Random Walk
Random walks are often the central connection between graph-structured data and machine learning applications. A random walk starts at a graph node and follows one of its edges randomly to reach another node, then follows one of that node’s edges randomly to reach another node, and so on. Random walks allow us to translate the possibly-infinite dimensions of graph data into a linear string we can feed to graph neural networks.
Tuning the Walk Parameters
The random walk algorithms in Quine allow a user to tune the random walks as described in the Node2Vec paper. The return
parameter (sometimes called p
) determines how likely a walk is to return one step back where it came from (to “backtrack” to the previous node). The in-out
parameter (sometimes called q
) determines whether a walk is more likely to explore the local region (“neighborhood”) around a node or travel far afield to explore the graph far away. These parameters can tune the walks to learn different features of the graph and address different goals.

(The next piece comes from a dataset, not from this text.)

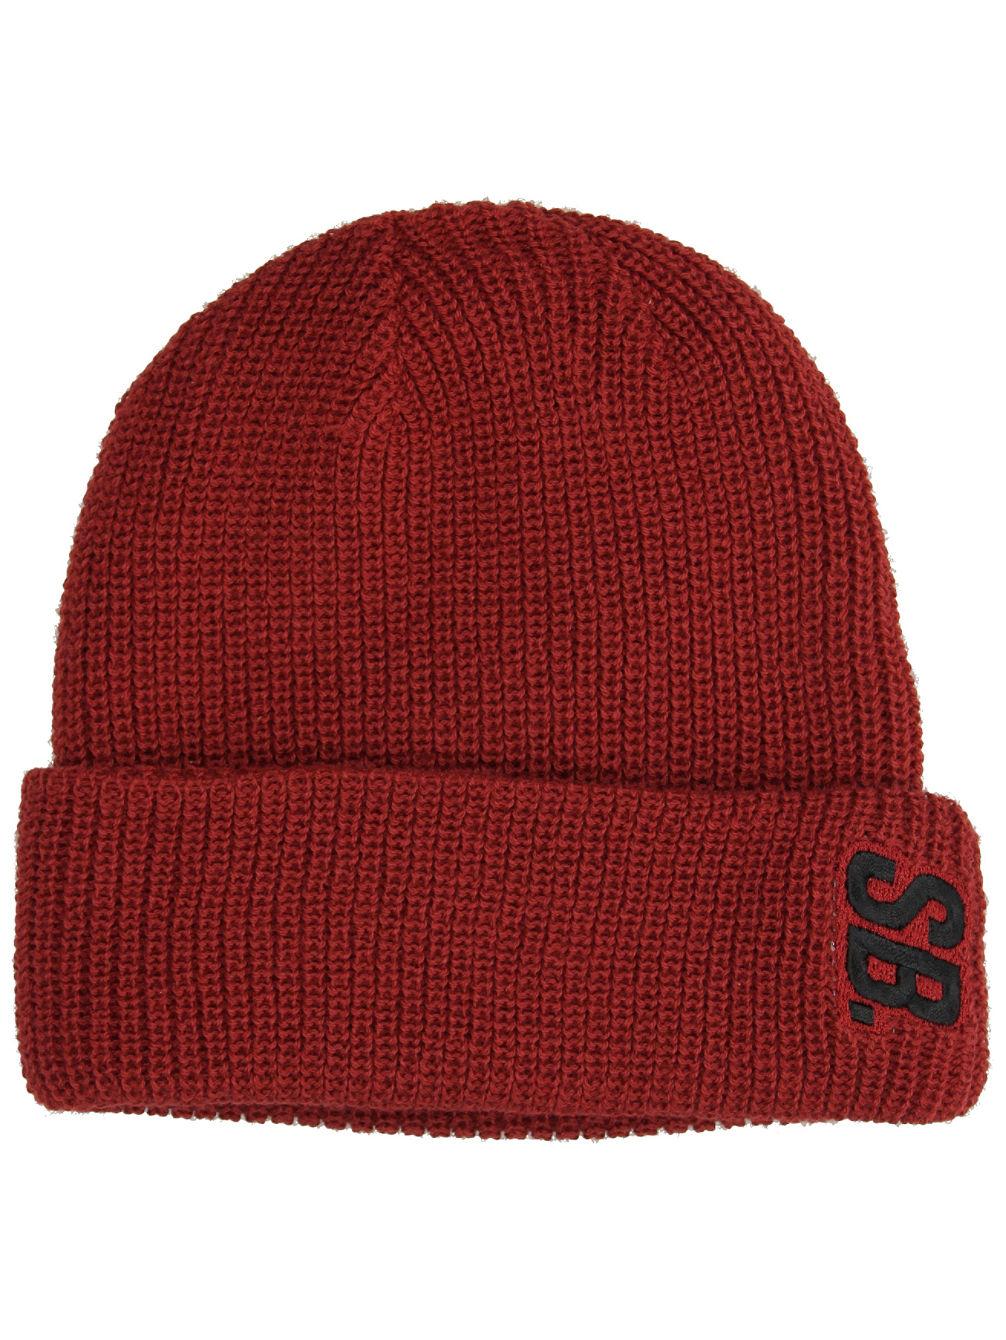 Buy Nike SB Surplus Beanie online at blue-tomato.com c4f09e22f737

See the API documentation for a complete description of API parameters, types, allowed values, and description: algorithm/walk
Collecting Values While Walking
The standard approach to random walks returns only the ID of each node visited in the graph. This capability can be extended substantially by Quine’s ability to run an arbitrary Cypher query at each point in the random walk. This capability supports more advanced algorithms like Graph Convolutional Networks or GraphSAGE
Quine’s random walk algorithms include the ability to define an aggregation query
for each node encountered in a random walk. This can be used to explore the local neighborhood and/or aggregate multiple properties which get automatically collected in to random walk output. This can be used instead of, or in addition to, collecting node IDs.
The value of the query
parameter should be a Cypher query fragment which returns the desired data. The simplest example of this is a simple RETURN statement. A RETURN statement can return any number of values, separated by ,
s. If returning the same value multiple times, you will need to alias subsequent values with AS
so that column names are unique. If a list is returned, its content will be flattened out one level and concatenated with the rest of the aggregated values.
The provided query will have the following prefix prepended: MATCH (thisNode) WHERE id(thisNode) = $n
where $n
evaluates to the ID of the node on which the query is executed. The default value of the query
parameter is: RETURN id(thisNode)
Point in Time Walks
Most use cases for Quine include continuously running data ingests, which continue to modify the graph. To correctly generate a set of random walks, you need a view of the graph at a specific moment — without the graph changing from under the random walker.
Use Quine’s built-in historical query functionality by including a timestamp (milliseconds since the Unix epoch) in the at-time
parameter in your query request to generate random walks from the graph at any fixed historical moment.
The rest of the graph can keep changing, and the walk algorithm will see a consistent view of the graph.
Node-Anchored Walks
Generating a random walk from a specific node in Quine can be done either by calling a function in a Cypher query:
MATCH (n)
WHERE n = {some_constraint}
CALL random.walk(n, 10)
YIELD walk
RETURN walk
Or through the algorithm/walk/{id}
endpoint once that you know the node’s ID.
curl --request GET --url "http://localhost:8080/api/v1/algorithm/walk/{node_id}"
Full Graph Walks
Node-anchored walks start from one node and return one random walk. But most graph A.I. algorithms require building many walks from every node in the graph. To support this, Quine includes an API that will generate a stream of all random walks into a file for an entire graph—regardless of how large the graph is.
With an API PUT
to the algorithm/walk
endpoint, you can direct Quine to stream all the random walks from every node in the graph to a file stored locally or in an S3 bucket.
curl --request PUT --url http://localhost:8080/api/v1/algorithm/walk --header 'Content-Type: application/json' --data '{ "bucketName": "your-s3-bucket-name", "type": "S3Bucket" }'
Graph Walk File Output
The output file is a CSV where each row is one random walk. The first column will always be the node ID where the walk originated. Each subsequent column will be either:
a.) by default, the ID of each node encountered (including the starting node ID again in the second column), or
b.) optionally, the results of Cypher query executed from each node encountered on the walk; where multiple columns and rows returned from this query will be concatenated together sequentially into the aggregated walk results.
The resulting CSV may have rows of varying length.
The name of the output file is derived from the arguments used to generate it; or a custom file name can be specified in the API request body. If no custom name is specified, the following values are concatenated to produce the final file name:
- the constant prefix:
graph-walk-
- the timestamp provided in
at-time
or else the current time when run. A trailing_T
is appended if no timestamp was specified. - the
length
parameter followed by the constantx
- the
count
parameter - the constant
-q
follow by the number of characters in the suppliedquery
(0
if not specified) - the
return
parameter followed by the constantx
- the
in-out
parameter - the
seed
parameter or_
if none was supplied - the constant suffix
.csv
Example file name: graph-walk-1675122348011_T-10x5-q0-1.0x1.0-_.csv
The name of the actual file being written is returned in the API response body.